The Key of the Instrument 

All instruments are in a "key". All instruments in the same key can all play the same note (eg A) and it will sound the same. 

If two instruments in different keys both play an A, they will sound as different notes. Crazy I know! If you've never encountered this concept, it's super weird at first to wrap your head around. (There is a reason behind this craziness. Basically it keeps fingerings similar across instruments.) 

Now, if you are playing the flute alone, it doesn't matter what key the instrument (eg trumpet music) is in.

But! And it's a BIG BUT...

If you intend on playing the music with others on different instruments (eg flute with piano), it's not going to work AT ALL if the instrument is in a different key to the flute.

So what "key" is the flute in? 

It's in the "key of C". Or also called "concert pitch". (By the way, the concept of the key of an instrument is different to the "key signature" of a piece.)

Examples - mostly good to play on the flute (if you can pick out a suitable melody line)

These instruments are also in the key of C: Recorder, Piano, Violin. (And as a bonus, they're also in treble clef).

Examples - that don't work for the flute (unless you're just playing alone)

These instruments are in a key that is different to the flute: French Horn, Clarinet, all the Saxophones, Trumpet. 

Examples - that don't really work for the flute (for various reasons)

These instruments are in the key of C, but aren't great to play because of the clef, the range, or the fact that it plays chords (more on that below!): Guitar, Piano (left hand), Trombone, Harp.

Articulation 

Ok, now we're getting into some (good) details! Articulation is basically the TONGUING and SLURRING in the piece. There are finer details too, like how delicate or smooth or robust the style of playing should be...

Examples

If the instrument is a wind instrument (like the flute is), the articulation that is written on the page will be similar to what is possible on the flute. Like Recorder, Clarinet, Trumpet, Saxophone.

If the instrument is a stringed instrument, there is often bowing marks written on the page, which a flute will just ignore, since we don't use a bow!

Also, the "articulation" that a stringed instrument will play will feel a bit weird on the flute. Eg a slur that goes for several bars. (Violins don't need to breath remember!)

More Than One Note at Once 

The flute can only play one note at a time. It's not considered a limitation. It's just like we can only sing one note at a time.
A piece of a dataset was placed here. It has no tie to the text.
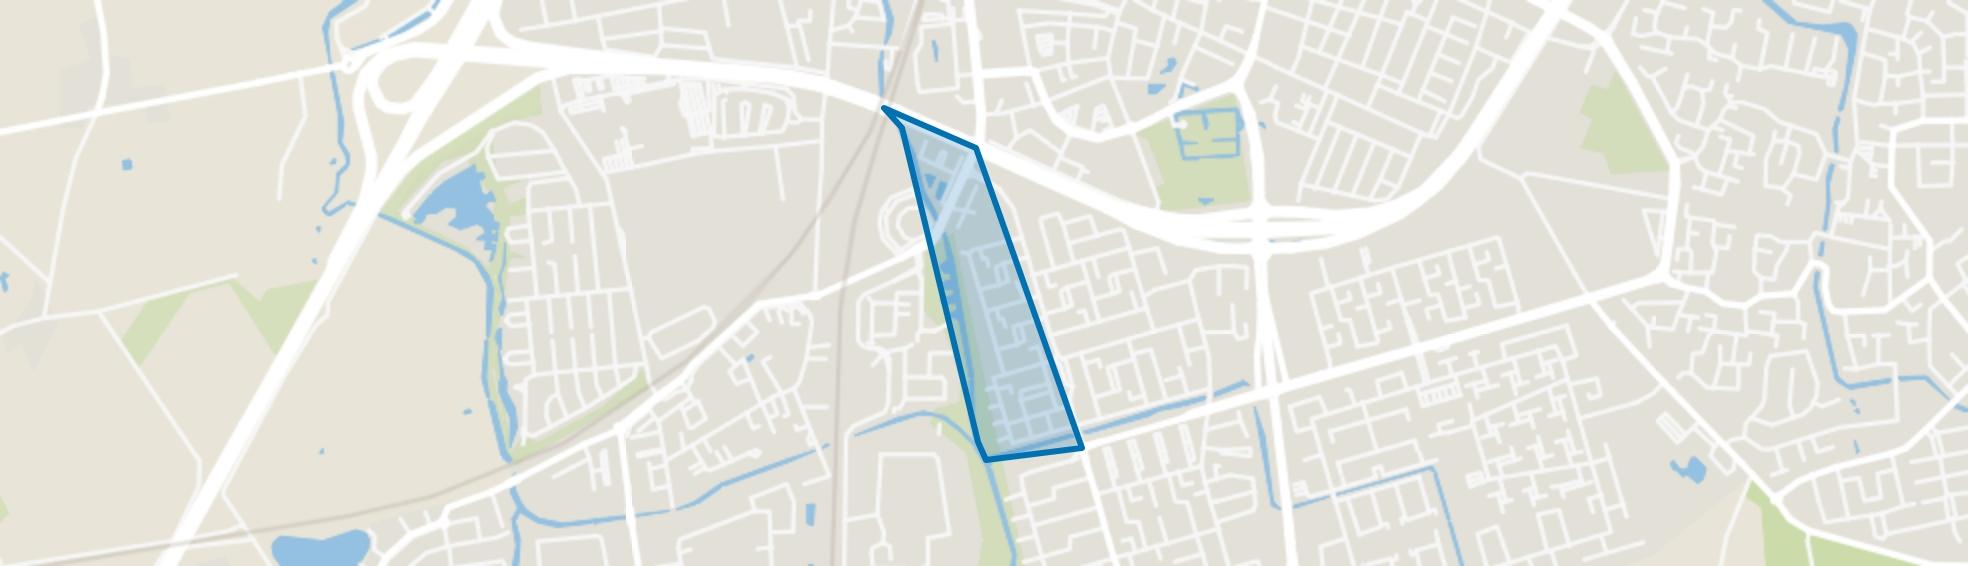 Kroeven-Noordwest, Roosendaal map

So if the instrument can play more than one note at a time, you're just going to need to think fast, choose one of the notes to play on their music, and move on.

Examples 

Guitar, Piano, Harp, sometimes Violin - they can all play chords, and a flute can't...


The WINNERS

So you want to know the best instrument's music to play?
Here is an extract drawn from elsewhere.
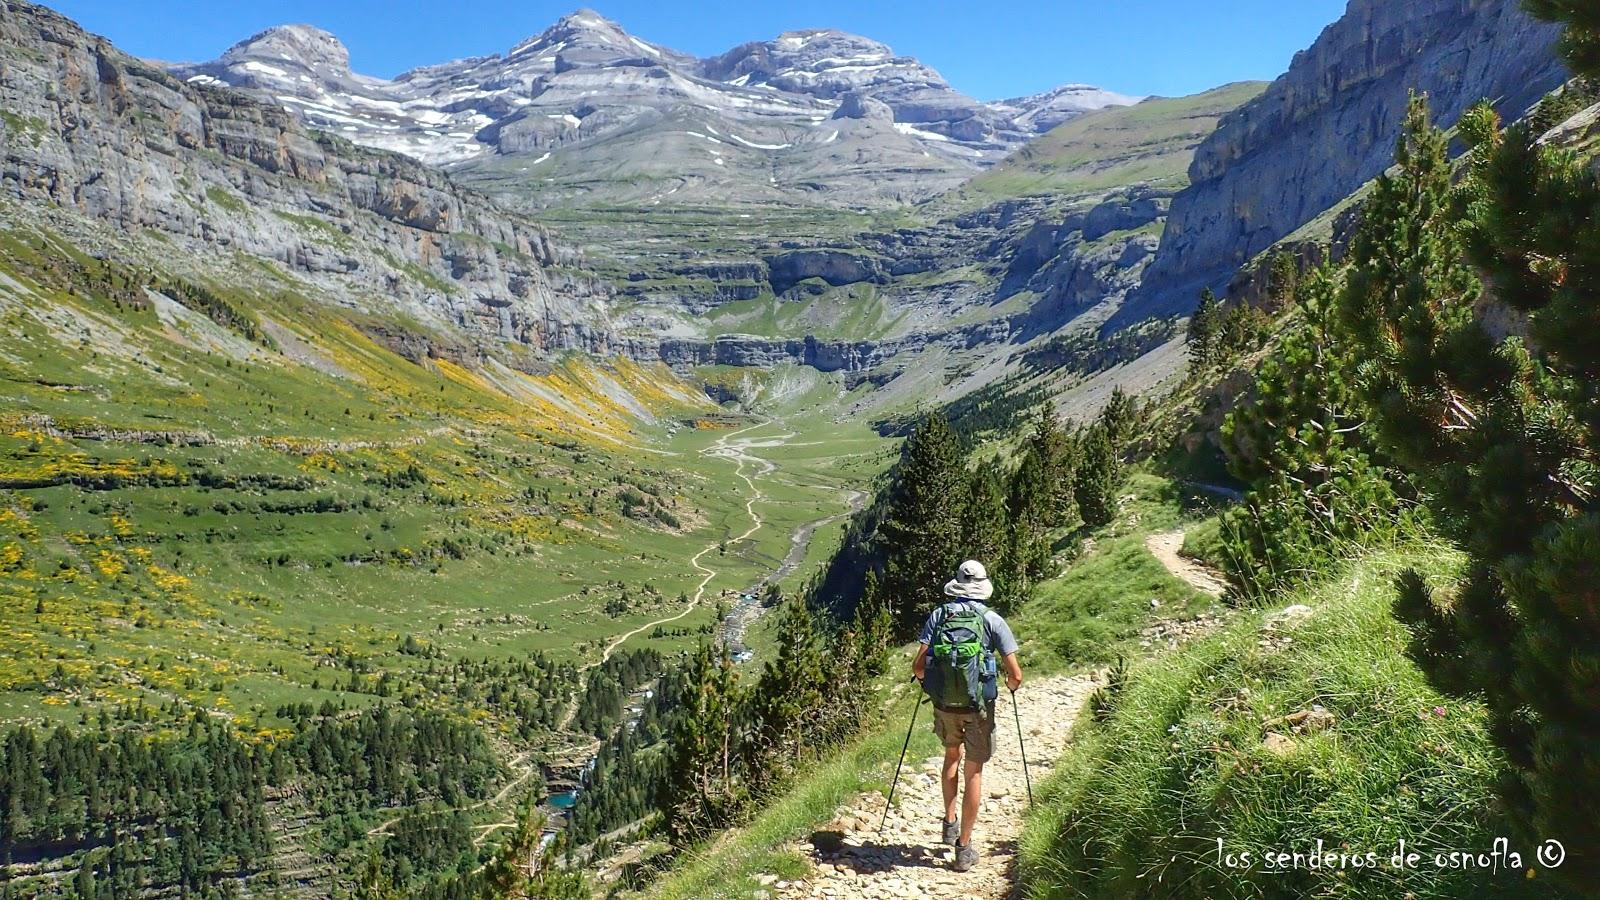 👌♻️ 11 Consejos para visitar sin dejar huella el Parque Nacional de Ordesa

There are 2 instruments whose music is PERFECT to play. (Apart from music written for the flute of course!) 

Piccolo music

Because it's basically flute music. It has almost the same range as the flute. It's in the same key. The articulation is identical in style. The downside is that you won't really find much piccolo music out there!

So the real winner is... 

Recorder music!

Yes, there is lots of it around. And it totally fits the bill in all the categories I talked about above. Recorder music won't have a great range of dynamics (because the recorder can't vary its volume very much), but I think most flute players can live with that! 
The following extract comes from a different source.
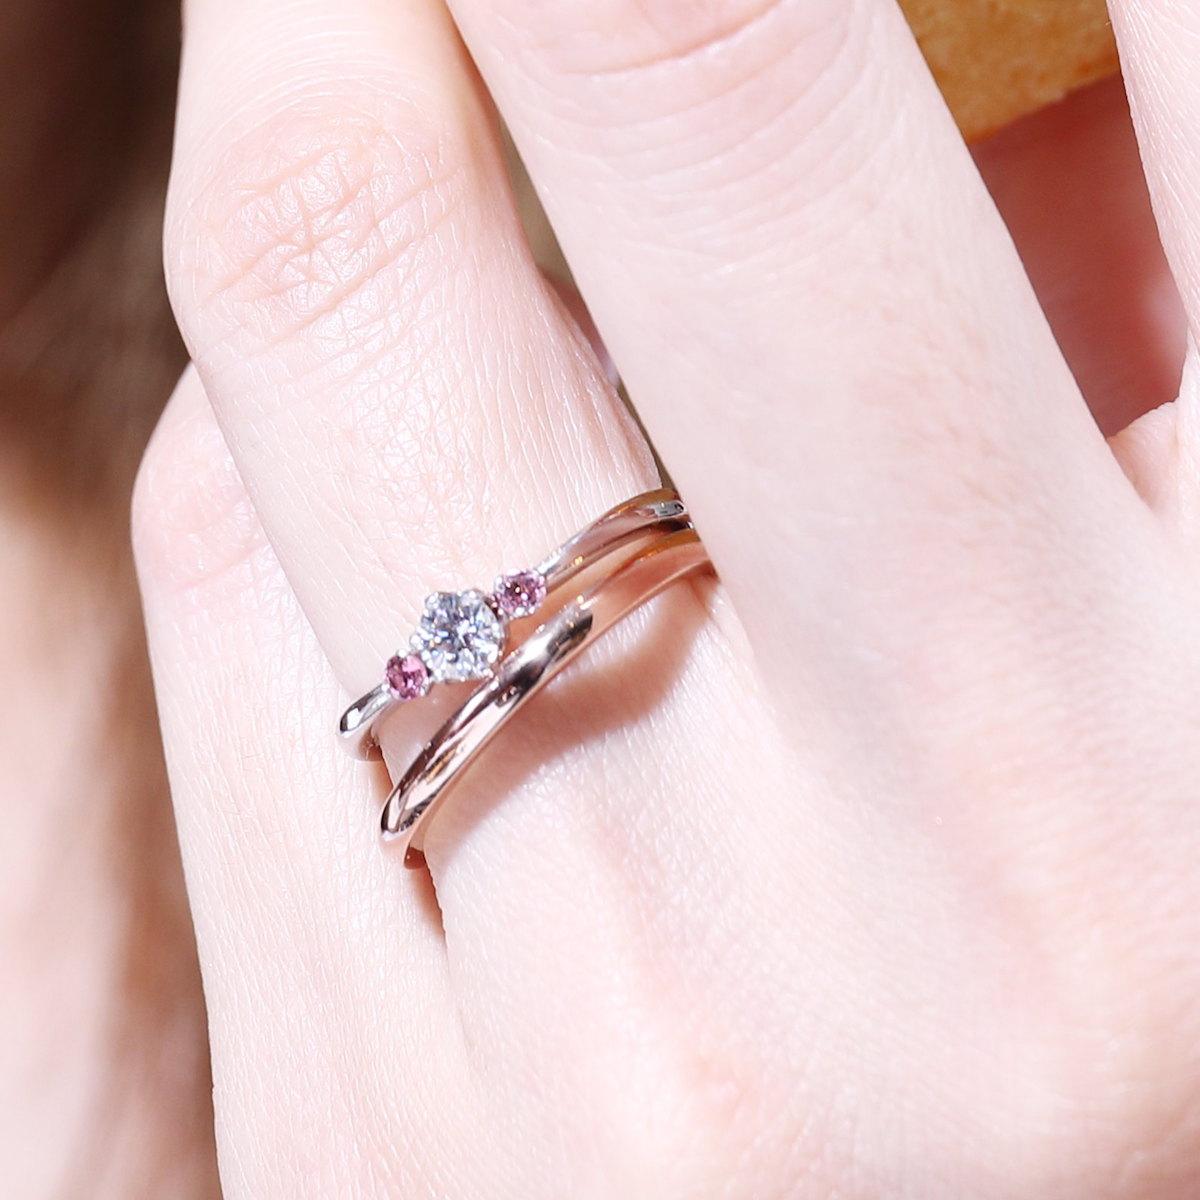 人気です、ピンクゴールドの結婚指輪

Mind you, flute music is more common than recorder music, so you don't need to go searching for recorder music - just use free online flute music that you find!

The RUNNERS-UP

If you have Piano music lying around, you can play the top line (the right hand) on the flute. Just take into account what I said about piano above. You can even play it with someone playing the bottom line (the left hand) on the piano at the same time. So an easy-made duet. 

If you happen to have some Clarinet, Trumpet, Saxophone music around, this will mostly work fine on the flute. Just don't try playing it with anyone else on a different instrument because it will sound very strange indeed, since those instruments are in a different key to the flute.

And Violin music will mostly work on the flute - it just looks and feels a bit awkward to play in most of the categories above.